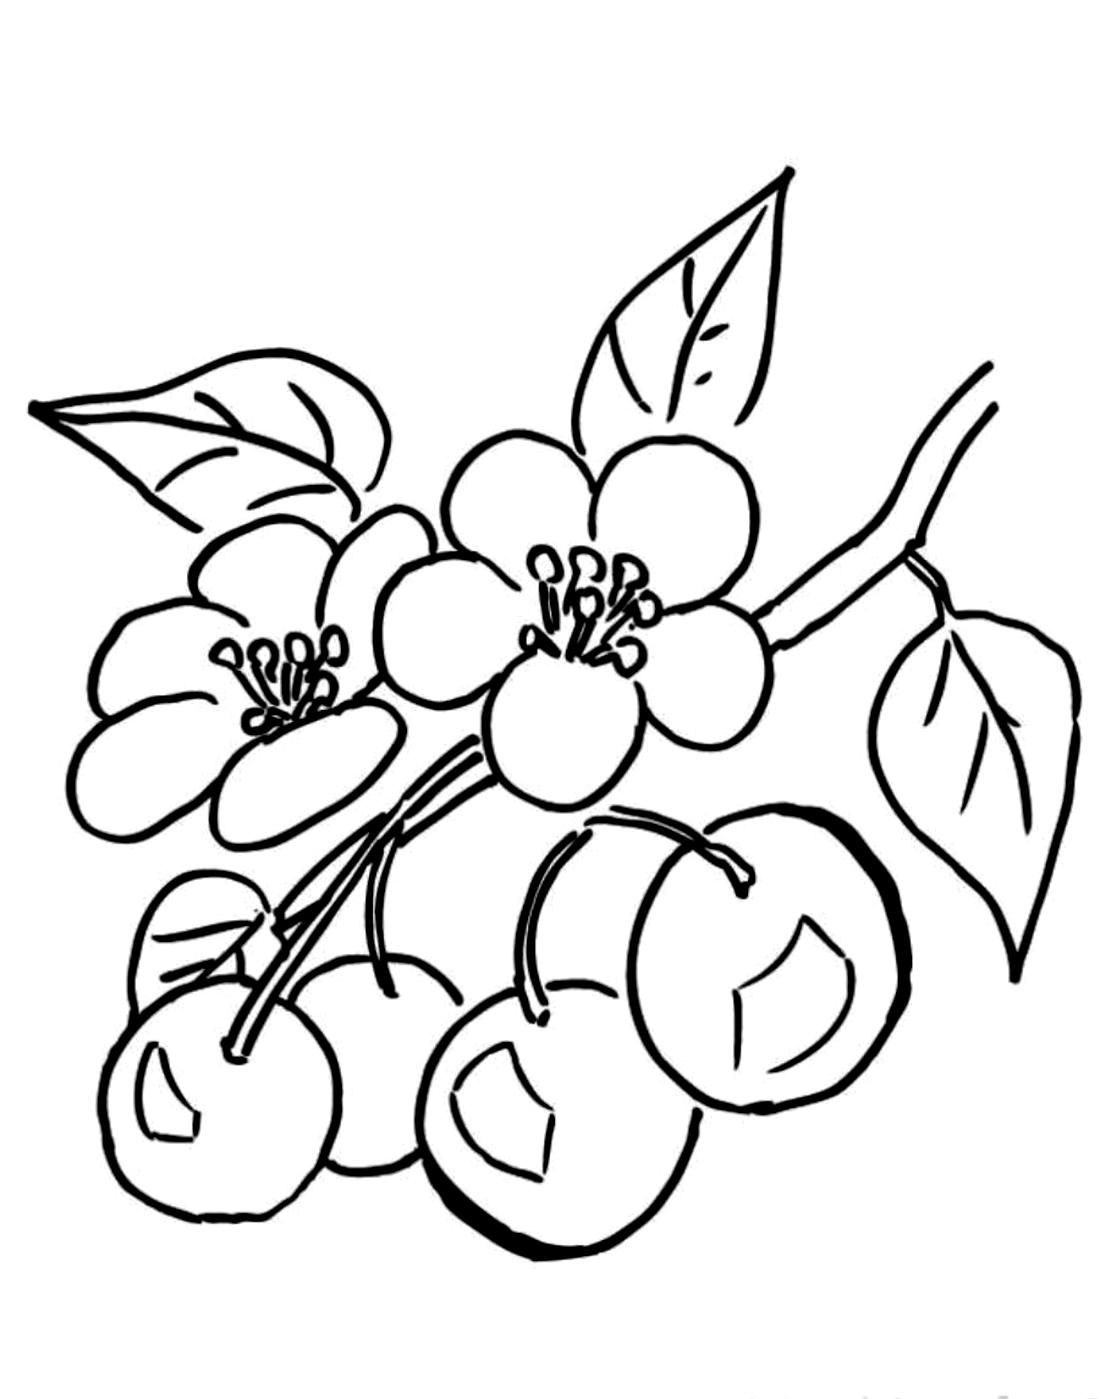 обусловлено яблоневый цвет картинка раскраска легкие, простые
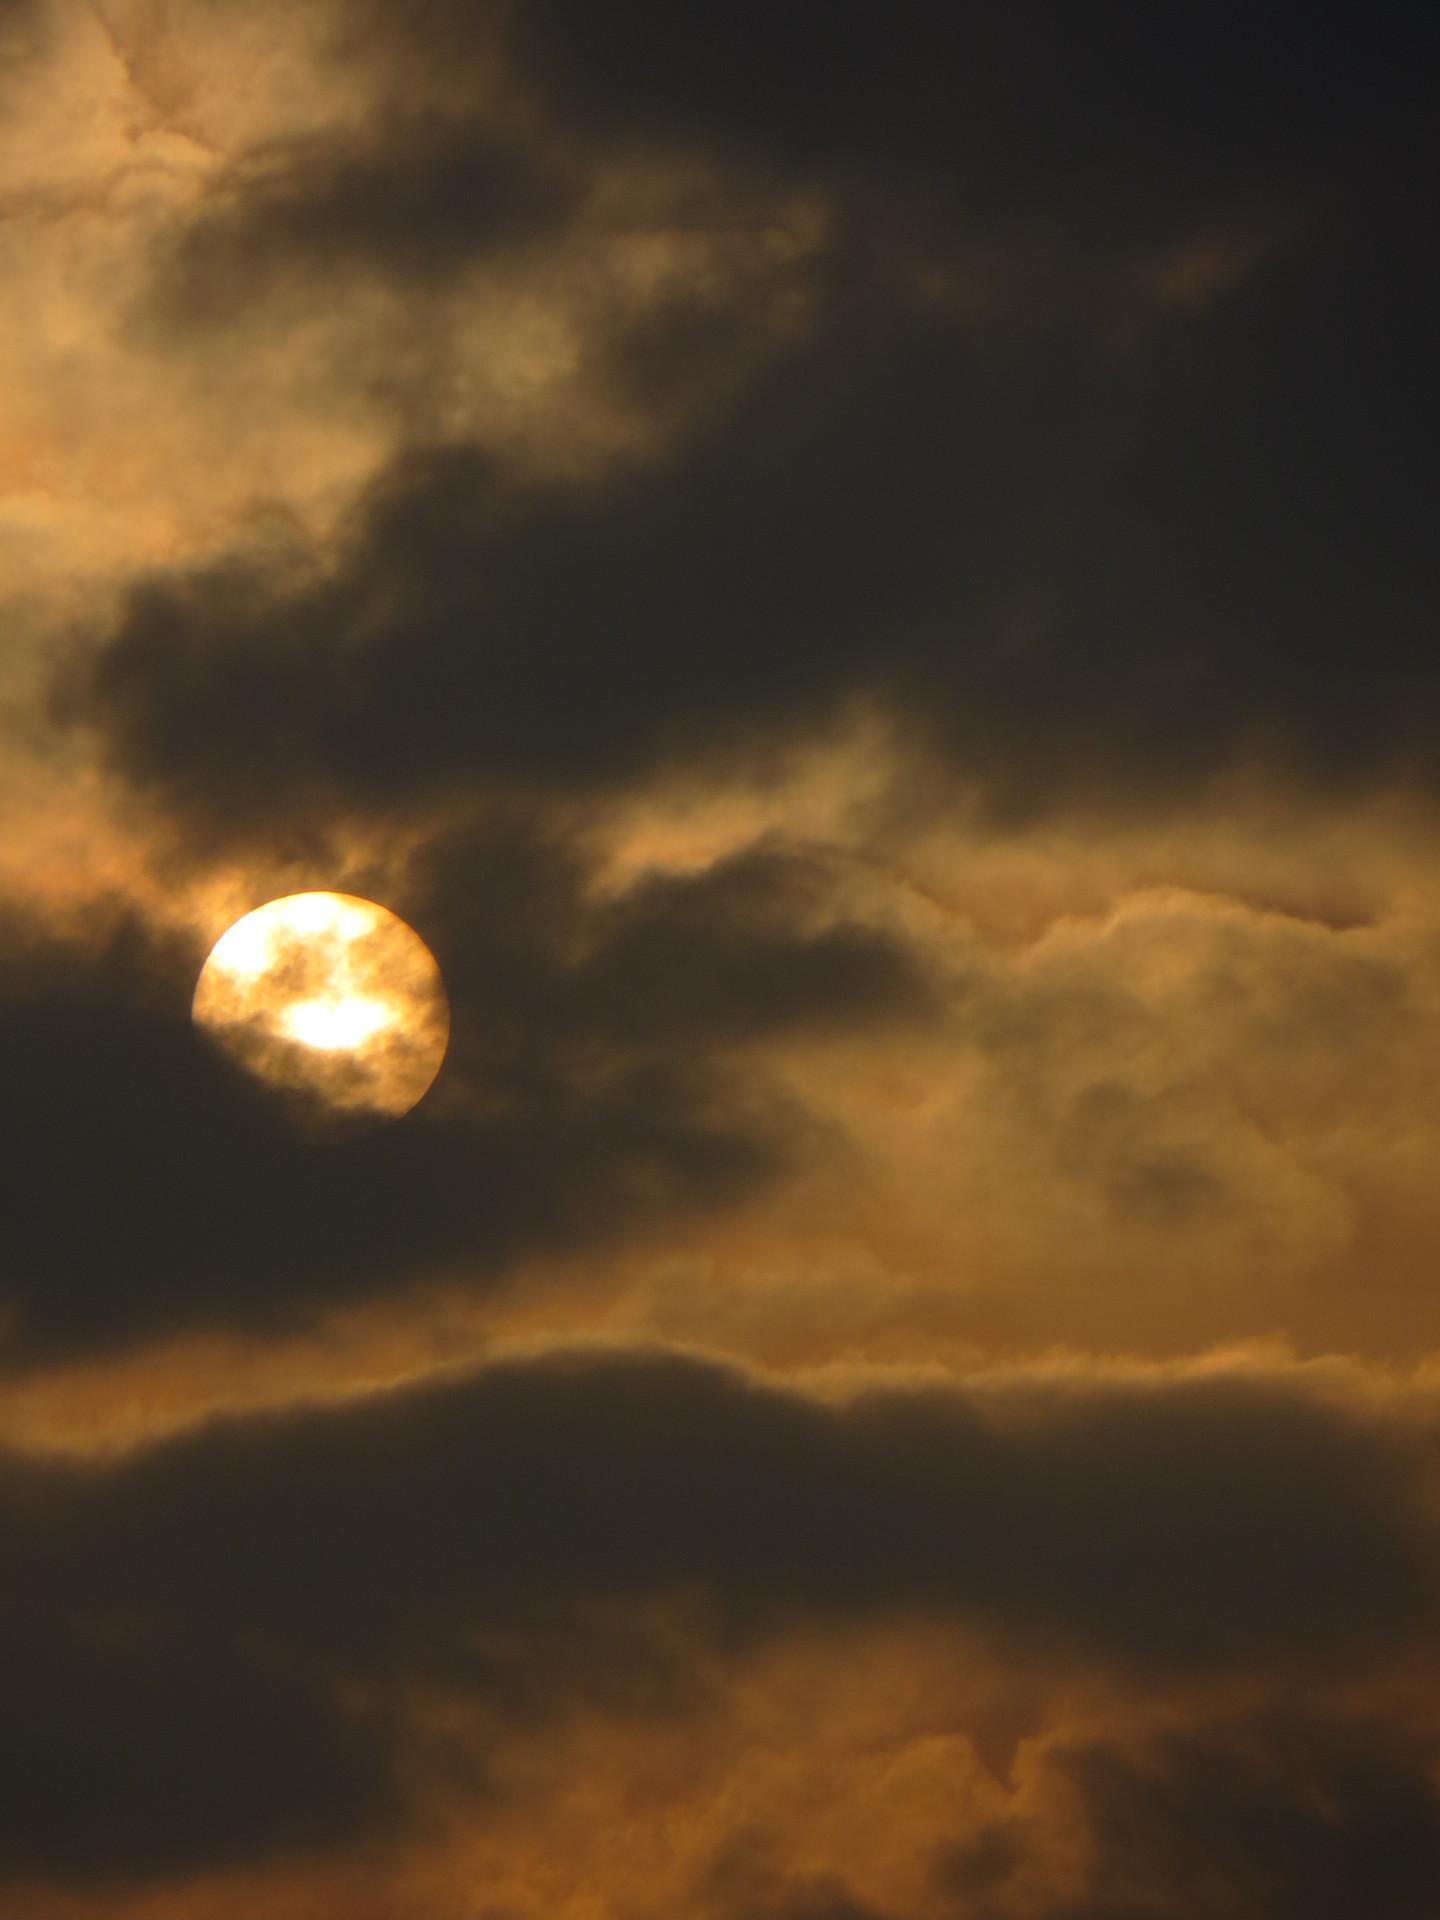 Soleil et nuages gris sur fond or
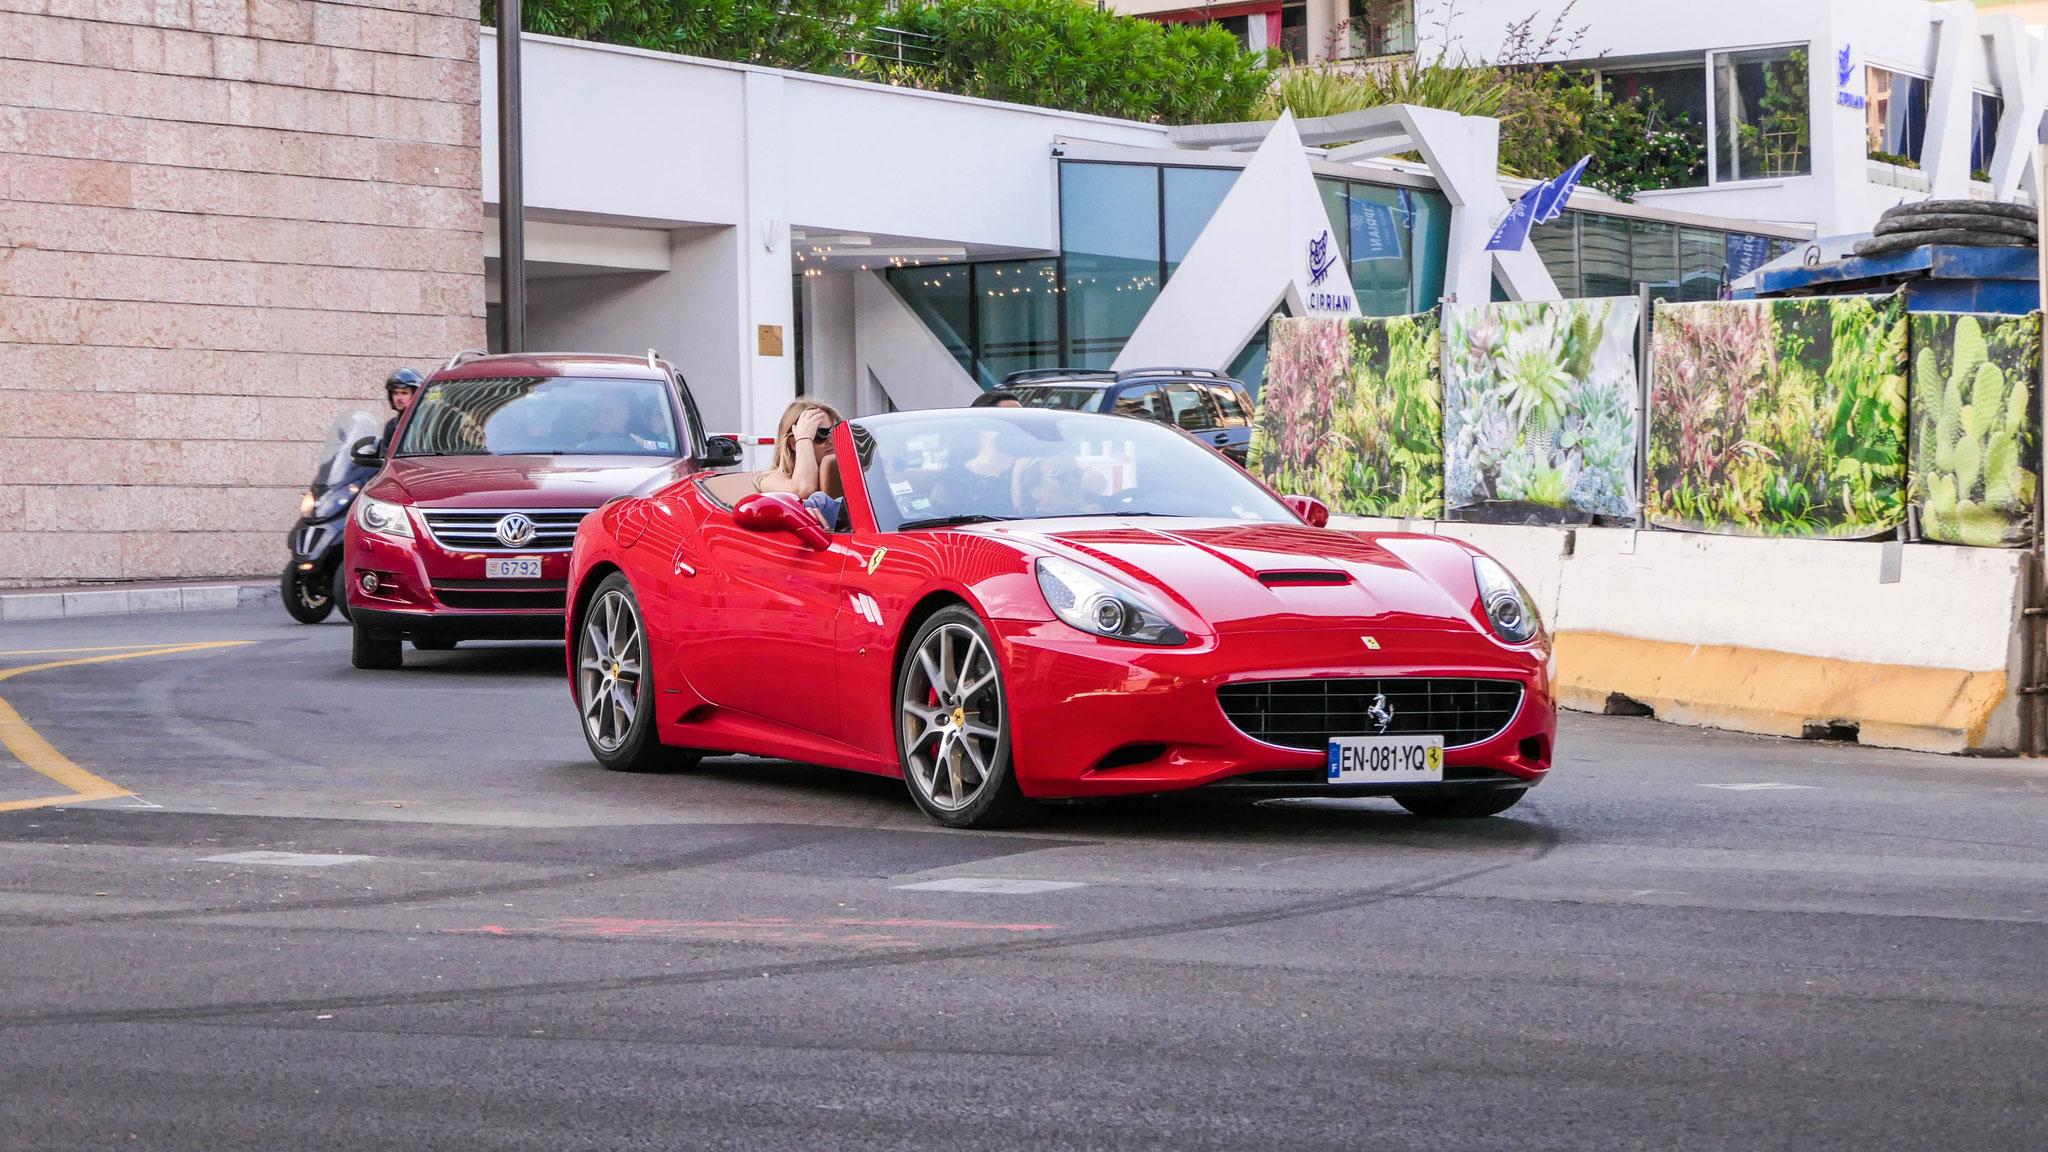 Ferrari California - EN-081-YQ (FRA)
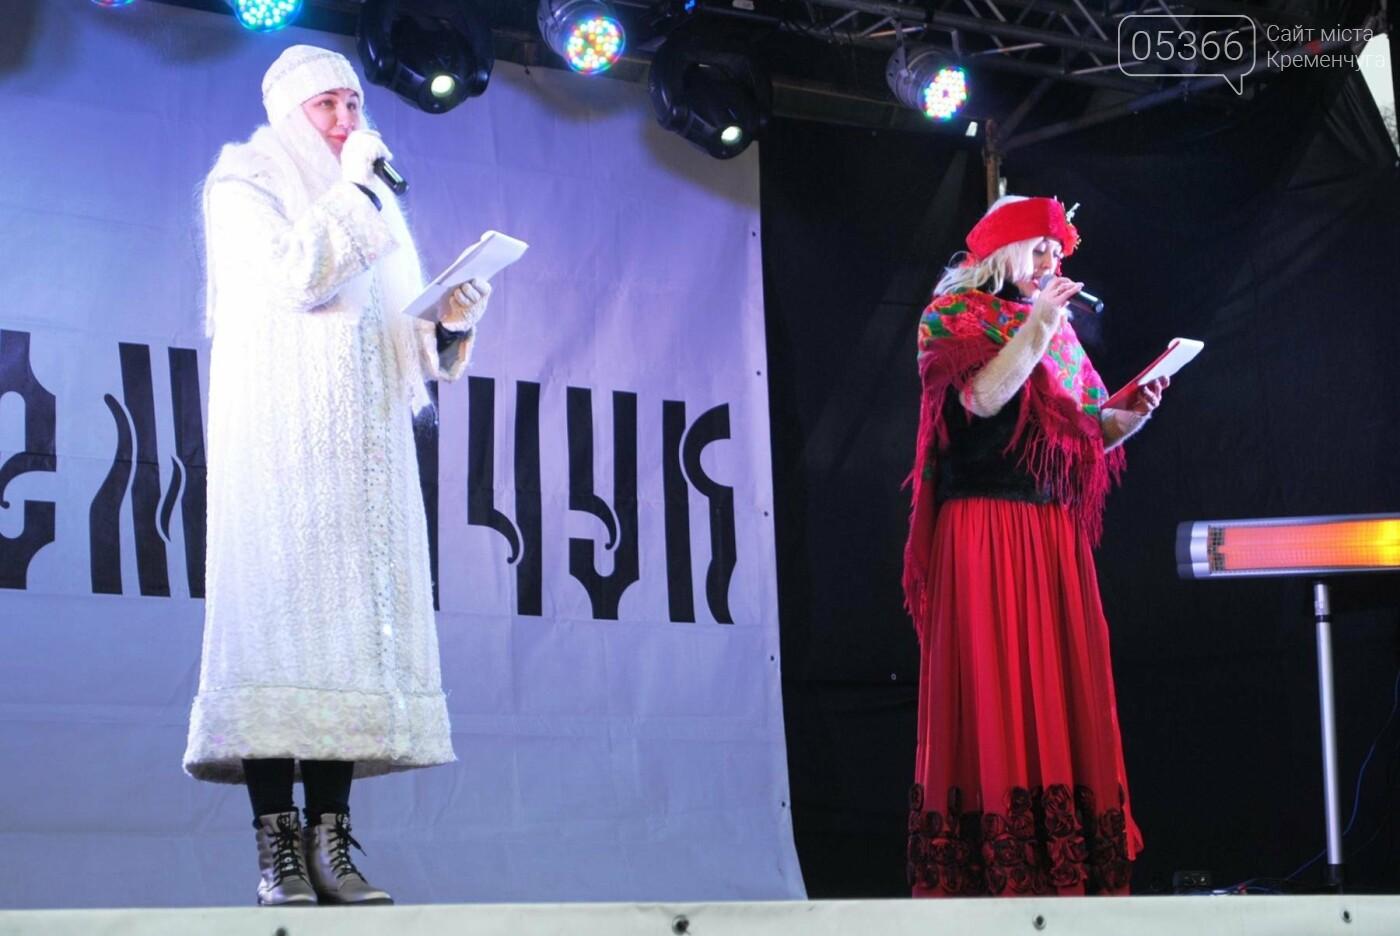 Масленицу в Кременчуге открыли парадом, хороводом и катанием на телеге (фото и видео), фото-2

┄┄┄┄┄┄┄┄┄┄┄┄┄┄┄┄┄┄┄┄

## Work request
When you copy the data, keep every line exact and drop the pictures.

## Answer box
 обусловлено яблоневый цвет картинка раскраска легкие, простые
 Soleil et nuages gris sur fond or
 Ferrari California - EN-081-YQ (FRA)
 Масленицу в Кременчуге открыли парадом, хороводом и катанием на телеге (фото и видео), фото-2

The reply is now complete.